Information shown below:

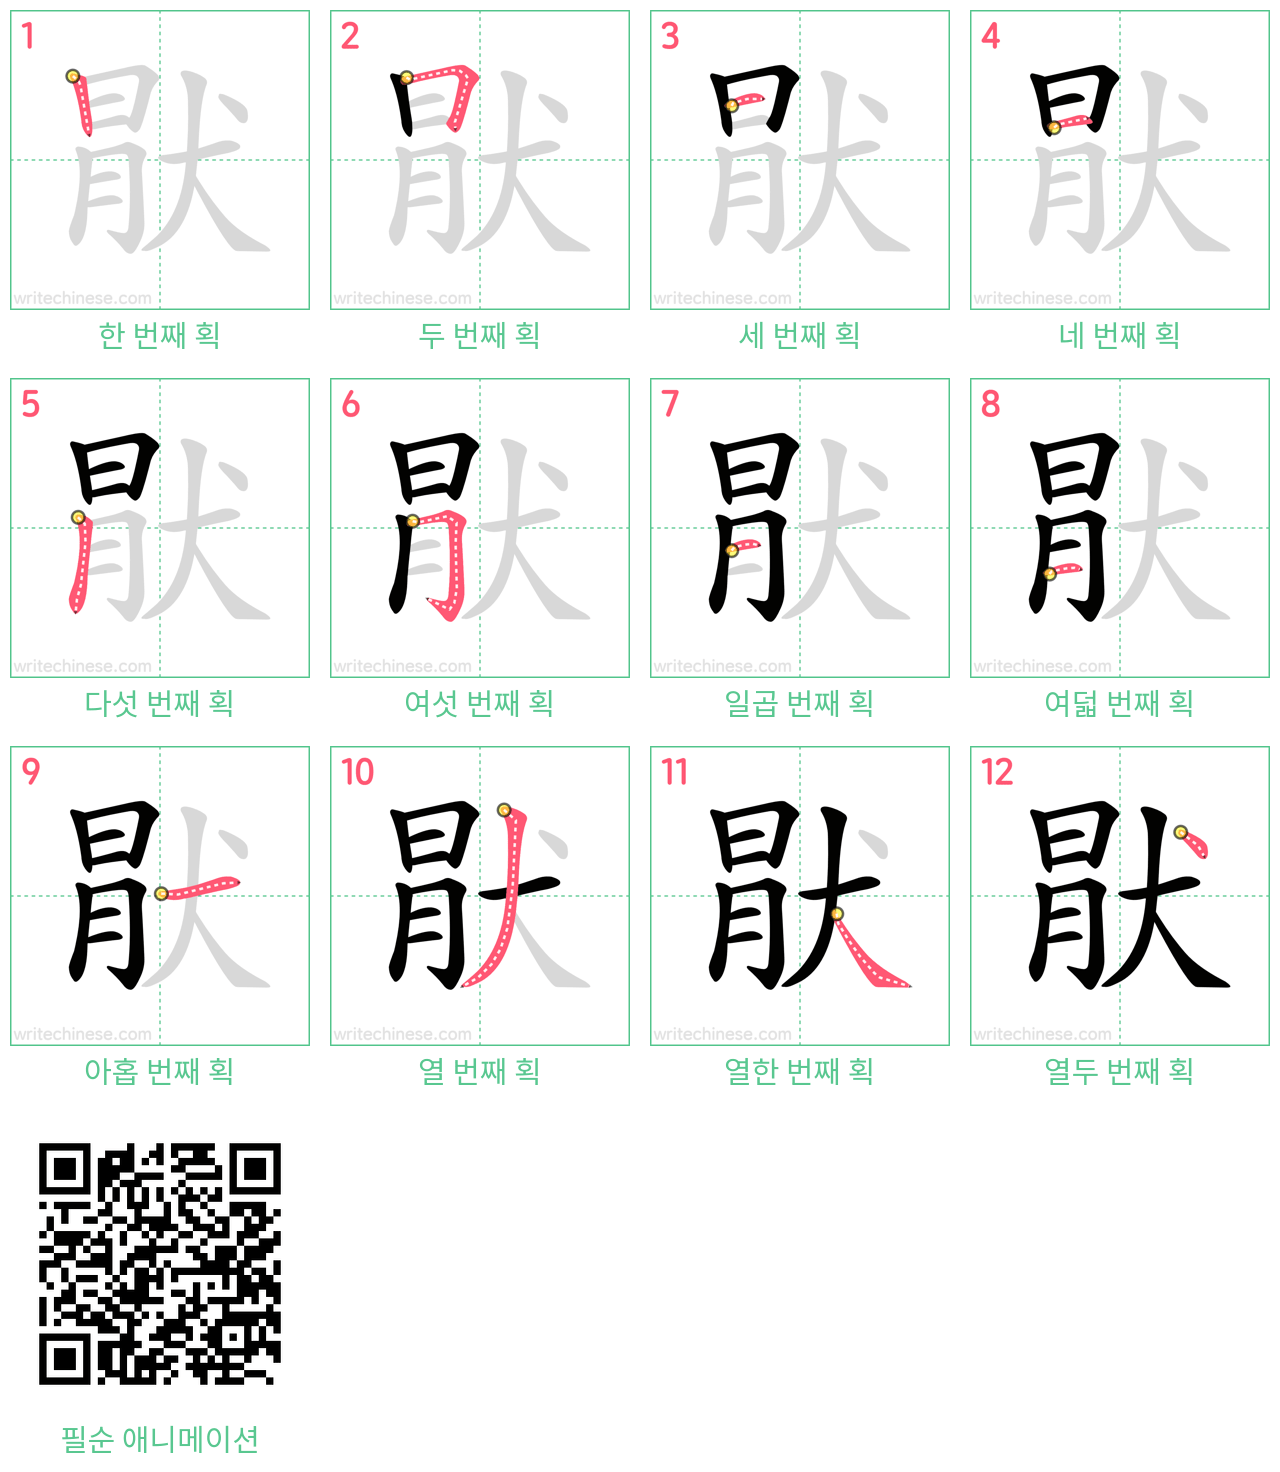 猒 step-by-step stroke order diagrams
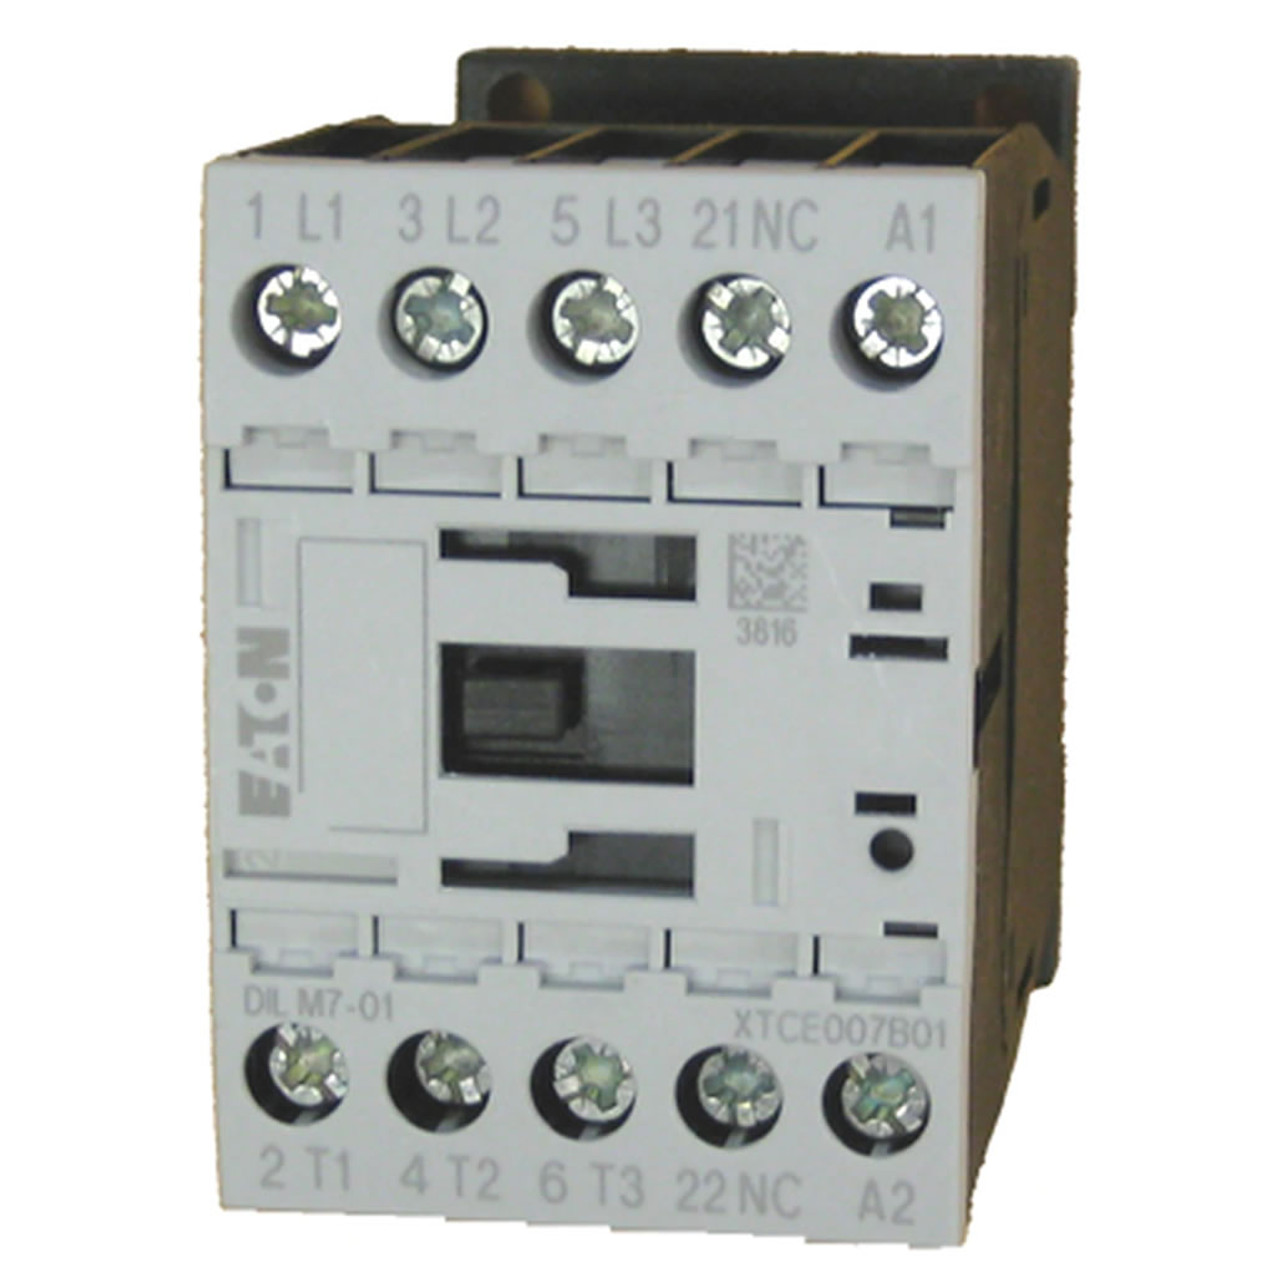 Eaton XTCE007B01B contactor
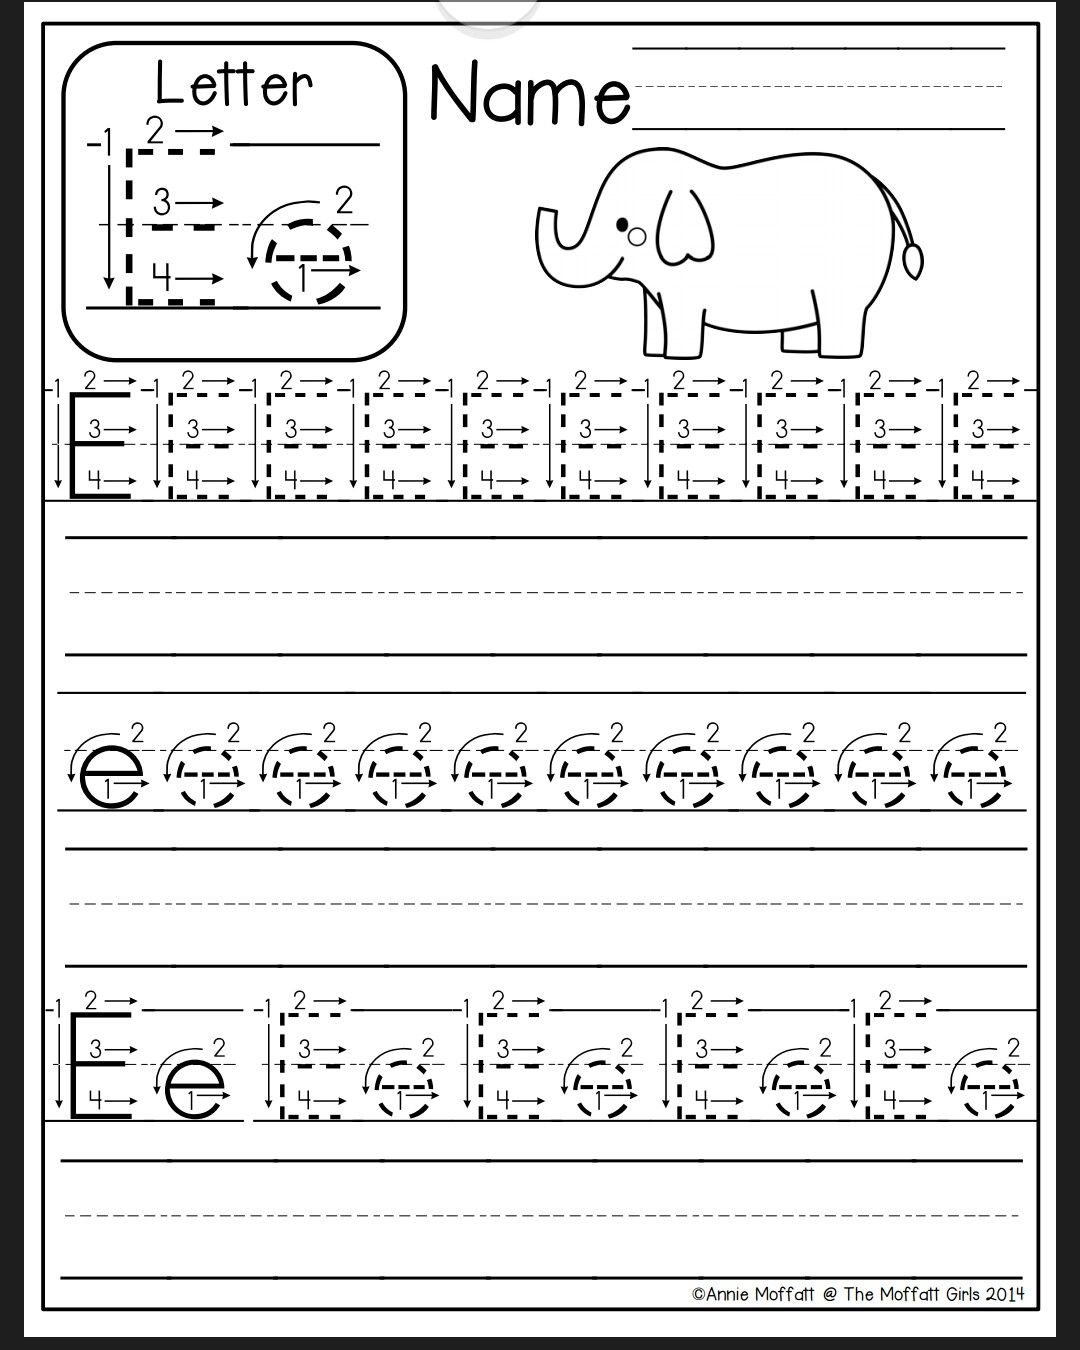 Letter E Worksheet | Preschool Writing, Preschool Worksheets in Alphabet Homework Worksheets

End of Information shown.

◆ **Exercise description**:
Everything from the line holding "Eaton XTCE007B01B contactor" through the last line of the listing should be written out exactly, except for the pictures.

◆ **Exercise response**:
 Eaton XTCE007B01B contactor
 Letter E Worksheet | Preschool Writing, Preschool Worksheets in Alphabet Homework Worksheets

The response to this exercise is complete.